EXERCISE DETAILS
Each record should be given back exactly, with none missing.

RECORDS PROVIDED
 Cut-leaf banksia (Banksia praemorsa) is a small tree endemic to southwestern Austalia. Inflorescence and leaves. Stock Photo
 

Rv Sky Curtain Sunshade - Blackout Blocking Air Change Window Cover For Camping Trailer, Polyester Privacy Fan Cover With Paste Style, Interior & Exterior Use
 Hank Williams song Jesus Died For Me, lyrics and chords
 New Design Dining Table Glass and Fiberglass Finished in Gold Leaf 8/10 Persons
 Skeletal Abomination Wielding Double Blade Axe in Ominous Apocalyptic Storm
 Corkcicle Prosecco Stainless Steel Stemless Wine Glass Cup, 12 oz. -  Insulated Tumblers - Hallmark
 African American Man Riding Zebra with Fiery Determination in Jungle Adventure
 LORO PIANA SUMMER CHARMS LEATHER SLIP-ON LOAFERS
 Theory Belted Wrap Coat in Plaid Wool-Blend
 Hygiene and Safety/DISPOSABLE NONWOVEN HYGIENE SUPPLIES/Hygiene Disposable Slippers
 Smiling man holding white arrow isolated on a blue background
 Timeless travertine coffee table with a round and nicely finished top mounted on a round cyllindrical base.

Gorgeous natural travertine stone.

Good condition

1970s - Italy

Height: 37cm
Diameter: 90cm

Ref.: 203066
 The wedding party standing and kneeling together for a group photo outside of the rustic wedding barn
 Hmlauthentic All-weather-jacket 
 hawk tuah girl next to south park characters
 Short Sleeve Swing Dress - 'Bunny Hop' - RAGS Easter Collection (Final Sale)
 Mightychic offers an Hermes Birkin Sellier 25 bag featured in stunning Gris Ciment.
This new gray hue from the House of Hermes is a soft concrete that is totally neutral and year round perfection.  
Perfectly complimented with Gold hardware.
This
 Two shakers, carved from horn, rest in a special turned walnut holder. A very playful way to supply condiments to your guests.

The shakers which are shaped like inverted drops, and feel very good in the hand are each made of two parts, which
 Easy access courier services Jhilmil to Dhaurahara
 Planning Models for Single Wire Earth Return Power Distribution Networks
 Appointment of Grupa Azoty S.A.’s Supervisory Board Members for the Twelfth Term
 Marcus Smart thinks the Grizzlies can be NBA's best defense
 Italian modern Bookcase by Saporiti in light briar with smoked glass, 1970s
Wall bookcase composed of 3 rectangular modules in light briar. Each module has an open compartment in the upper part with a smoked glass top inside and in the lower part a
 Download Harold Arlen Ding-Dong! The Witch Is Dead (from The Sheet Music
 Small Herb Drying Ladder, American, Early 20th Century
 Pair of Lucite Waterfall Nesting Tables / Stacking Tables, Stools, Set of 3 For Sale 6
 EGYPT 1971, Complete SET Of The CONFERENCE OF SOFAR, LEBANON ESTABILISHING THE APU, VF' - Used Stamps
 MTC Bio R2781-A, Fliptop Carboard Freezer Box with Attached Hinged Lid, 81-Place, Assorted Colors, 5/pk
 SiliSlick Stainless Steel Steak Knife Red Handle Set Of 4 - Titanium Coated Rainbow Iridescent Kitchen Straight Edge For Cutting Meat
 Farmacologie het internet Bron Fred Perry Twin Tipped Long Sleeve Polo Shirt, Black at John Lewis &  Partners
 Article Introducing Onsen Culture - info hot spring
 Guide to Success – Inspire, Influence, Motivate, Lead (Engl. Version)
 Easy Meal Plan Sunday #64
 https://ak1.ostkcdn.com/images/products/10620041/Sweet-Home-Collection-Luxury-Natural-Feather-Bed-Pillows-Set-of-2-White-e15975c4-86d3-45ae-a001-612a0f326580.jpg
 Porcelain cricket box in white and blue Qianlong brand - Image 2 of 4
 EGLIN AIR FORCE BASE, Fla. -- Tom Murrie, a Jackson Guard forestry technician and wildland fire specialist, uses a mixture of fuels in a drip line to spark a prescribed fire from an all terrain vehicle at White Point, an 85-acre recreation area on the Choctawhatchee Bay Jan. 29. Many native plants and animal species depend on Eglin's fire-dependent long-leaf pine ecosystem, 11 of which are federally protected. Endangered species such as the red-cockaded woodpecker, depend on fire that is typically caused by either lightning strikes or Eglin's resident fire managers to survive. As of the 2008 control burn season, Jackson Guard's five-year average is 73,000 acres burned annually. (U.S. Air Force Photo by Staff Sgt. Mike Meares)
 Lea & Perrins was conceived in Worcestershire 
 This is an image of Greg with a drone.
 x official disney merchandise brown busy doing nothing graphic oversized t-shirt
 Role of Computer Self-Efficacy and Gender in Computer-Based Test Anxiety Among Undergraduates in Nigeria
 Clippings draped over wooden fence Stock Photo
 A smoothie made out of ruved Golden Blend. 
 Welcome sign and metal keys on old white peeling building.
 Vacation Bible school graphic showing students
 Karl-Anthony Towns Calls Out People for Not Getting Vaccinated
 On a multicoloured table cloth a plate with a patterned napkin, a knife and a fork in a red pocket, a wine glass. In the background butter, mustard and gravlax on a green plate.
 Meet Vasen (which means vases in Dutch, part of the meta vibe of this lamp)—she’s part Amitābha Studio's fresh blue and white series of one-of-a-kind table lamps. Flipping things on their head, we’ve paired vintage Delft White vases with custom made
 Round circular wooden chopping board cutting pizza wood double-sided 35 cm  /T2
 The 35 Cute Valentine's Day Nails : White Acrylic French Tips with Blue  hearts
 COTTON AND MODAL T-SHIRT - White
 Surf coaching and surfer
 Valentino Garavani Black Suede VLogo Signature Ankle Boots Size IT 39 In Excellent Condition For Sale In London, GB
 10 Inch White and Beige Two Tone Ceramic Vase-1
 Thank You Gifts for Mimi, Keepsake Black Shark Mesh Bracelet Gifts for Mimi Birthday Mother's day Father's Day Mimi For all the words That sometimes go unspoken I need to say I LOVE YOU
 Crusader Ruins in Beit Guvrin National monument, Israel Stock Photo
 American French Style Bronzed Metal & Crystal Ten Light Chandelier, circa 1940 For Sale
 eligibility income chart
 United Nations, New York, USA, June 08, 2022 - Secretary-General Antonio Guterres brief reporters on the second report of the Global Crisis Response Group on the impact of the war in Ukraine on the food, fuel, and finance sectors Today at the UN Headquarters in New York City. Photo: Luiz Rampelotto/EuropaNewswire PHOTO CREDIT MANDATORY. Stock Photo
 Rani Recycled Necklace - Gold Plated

RESULT BELOW
 Cut-leaf banksia (Banksia praemorsa) is a small tree endemic to southwestern Austalia. Inflorescence and leaves. Stock Photo
 

Rv Sky Curtain Sunshade - Blackout Blocking Air Change Window Cover For Camping Trailer, Polyester Privacy Fan Cover With Paste Style, Interior & Exterior Use
 Hank Williams song Jesus Died For Me, lyrics and chords
 New Design Dining Table Glass and Fiberglass Finished in Gold Leaf 8/10 Persons
 Skeletal Abomination Wielding Double Blade Axe in Ominous Apocalyptic Storm
 Corkcicle Prosecco Stainless Steel Stemless Wine Glass Cup, 12 oz. -  Insulated Tumblers - Hallmark
 African American Man Riding Zebra with Fiery Determination in Jungle Adventure
 LORO PIANA SUMMER CHARMS LEATHER SLIP-ON LOAFERS
 Theory Belted Wrap Coat in Plaid Wool-Blend
 Hygiene and Safety/DISPOSABLE NONWOVEN HYGIENE SUPPLIES/Hygiene Disposable Slippers
 Smiling man holding white arrow isolated on a blue background
 Timeless travertine coffee table with a round and nicely finished top mounted on a round cyllindrical base.

Gorgeous natural travertine stone.

Good condition

1970s - Italy

Height: 37cm
Diameter: 90cm

Ref.: 203066
 The wedding party standing and kneeling together for a group photo outside of the rustic wedding barn
 Hmlauthentic All-weather-jacket 
 hawk tuah girl next to south park characters
 Short Sleeve Swing Dress - 'Bunny Hop' - RAGS Easter Collection (Final Sale)
 Mightychic offers an Hermes Birkin Sellier 25 bag featured in stunning Gris Ciment.
This new gray hue from the House of Hermes is a soft concrete that is totally neutral and year round perfection.  
Perfectly complimented with Gold hardware.
This
 Two shakers, carved from horn, rest in a special turned walnut holder. A very playful way to supply condiments to your guests.

The shakers which are shaped like inverted drops, and feel very good in the hand are each made of two parts, which
 Easy access courier services Jhilmil to Dhaurahara
 Planning Models for Single Wire Earth Return Power Distribution Networks
 Appointment of Grupa Azoty S.A.’s Supervisory Board Members for the Twelfth Term
 Marcus Smart thinks the Grizzlies can be NBA's best defense
 Italian modern Bookcase by Saporiti in light briar with smoked glass, 1970s
Wall bookcase composed of 3 rectangular modules in light briar. Each module has an open compartment in the upper part with a smoked glass top inside and in the lower part a
 Download Harold Arlen Ding-Dong! The Witch Is Dead (from The Sheet Music
 Small Herb Drying Ladder, American, Early 20th Century
 Pair of Lucite Waterfall Nesting Tables / Stacking Tables, Stools, Set of 3 For Sale 6
 EGYPT 1971, Complete SET Of The CONFERENCE OF SOFAR, LEBANON ESTABILISHING THE APU, VF' - Used Stamps
 MTC Bio R2781-A, Fliptop Carboard Freezer Box with Attached Hinged Lid, 81-Place, Assorted Colors, 5/pk
 SiliSlick Stainless Steel Steak Knife Red Handle Set Of 4 - Titanium Coated Rainbow Iridescent Kitchen Straight Edge For Cutting Meat
 Farmacologie het internet Bron Fred Perry Twin Tipped Long Sleeve Polo Shirt, Black at John Lewis &  Partners
 Article Introducing Onsen Culture - info hot spring
 Guide to Success – Inspire, Influence, Motivate, Lead (Engl. Version)
 Easy Meal Plan Sunday #64
 https://ak1.ostkcdn.com/images/products/10620041/Sweet-Home-Collection-Luxury-Natural-Feather-Bed-Pillows-Set-of-2-White-e15975c4-86d3-45ae-a001-612a0f326580.jpg
 Porcelain cricket box in white and blue Qianlong brand - Image 2 of 4
 EGLIN AIR FORCE BASE, Fla. -- Tom Murrie, a Jackson Guard forestry technician and wildland fire specialist, uses a mixture of fuels in a drip line to spark a prescribed fire from an all terrain vehicle at White Point, an 85-acre recreation area on the Choctawhatchee Bay Jan. 29. Many native plants and animal species depend on Eglin's fire-dependent long-leaf pine ecosystem, 11 of which are federally protected. Endangered species such as the red-cockaded woodpecker, depend on fire that is typically caused by either lightning strikes or Eglin's resident fire managers to survive. As of the 2008 control burn season, Jackson Guard's five-year average is 73,000 acres burned annually. (U.S. Air Force Photo by Staff Sgt. Mike Meares)
 Lea & Perrins was conceived in Worcestershire 
 This is an image of Greg with a drone.
 x official disney merchandise brown busy doing nothing graphic oversized t-shirt
 Role of Computer Self-Efficacy and Gender in Computer-Based Test Anxiety Among Undergraduates in Nigeria
 Clippings draped over wooden fence Stock Photo
 A smoothie made out of ruved Golden Blend. 
 Welcome sign and metal keys on old white peeling building.
 Vacation Bible school graphic showing students
 Karl-Anthony Towns Calls Out People for Not Getting Vaccinated
 On a multicoloured table cloth a plate with a patterned napkin, a knife and a fork in a red pocket, a wine glass. In the background butter, mustard and gravlax on a green plate.
 Meet Vasen (which means vases in Dutch, part of the meta vibe of this lamp)—she’s part Amitābha Studio's fresh blue and white series of one-of-a-kind table lamps. Flipping things on their head, we’ve paired vintage Delft White vases with custom made
 Round circular wooden chopping board cutting pizza wood double-sided 35 cm  /T2
 The 35 Cute Valentine's Day Nails : White Acrylic French Tips with Blue  hearts
 COTTON AND MODAL T-SHIRT - White
 Surf coaching and surfer
 Valentino Garavani Black Suede VLogo Signature Ankle Boots Size IT 39 In Excellent Condition For Sale In London, GB
 10 Inch White and Beige Two Tone Ceramic Vase-1
 Thank You Gifts for Mimi, Keepsake Black Shark Mesh Bracelet Gifts for Mimi Birthday Mother's day Father's Day Mimi For all the words That sometimes go unspoken I need to say I LOVE YOU
 Crusader Ruins in Beit Guvrin National monument, Israel Stock Photo
 American French Style Bronzed Metal & Crystal Ten Light Chandelier, circa 1940 For Sale
 eligibility income chart
 United Nations, New York, USA, June 08, 2022 - Secretary-General Antonio Guterres brief reporters on the second report of the Global Crisis Response Group on the impact of the war in Ukraine on the food, fuel, and finance sectors Today at the UN Headquarters in New York City. Photo: Luiz Rampelotto/EuropaNewswire PHOTO CREDIT MANDATORY. Stock Photo
 Rani Recycled Necklace - Gold Plated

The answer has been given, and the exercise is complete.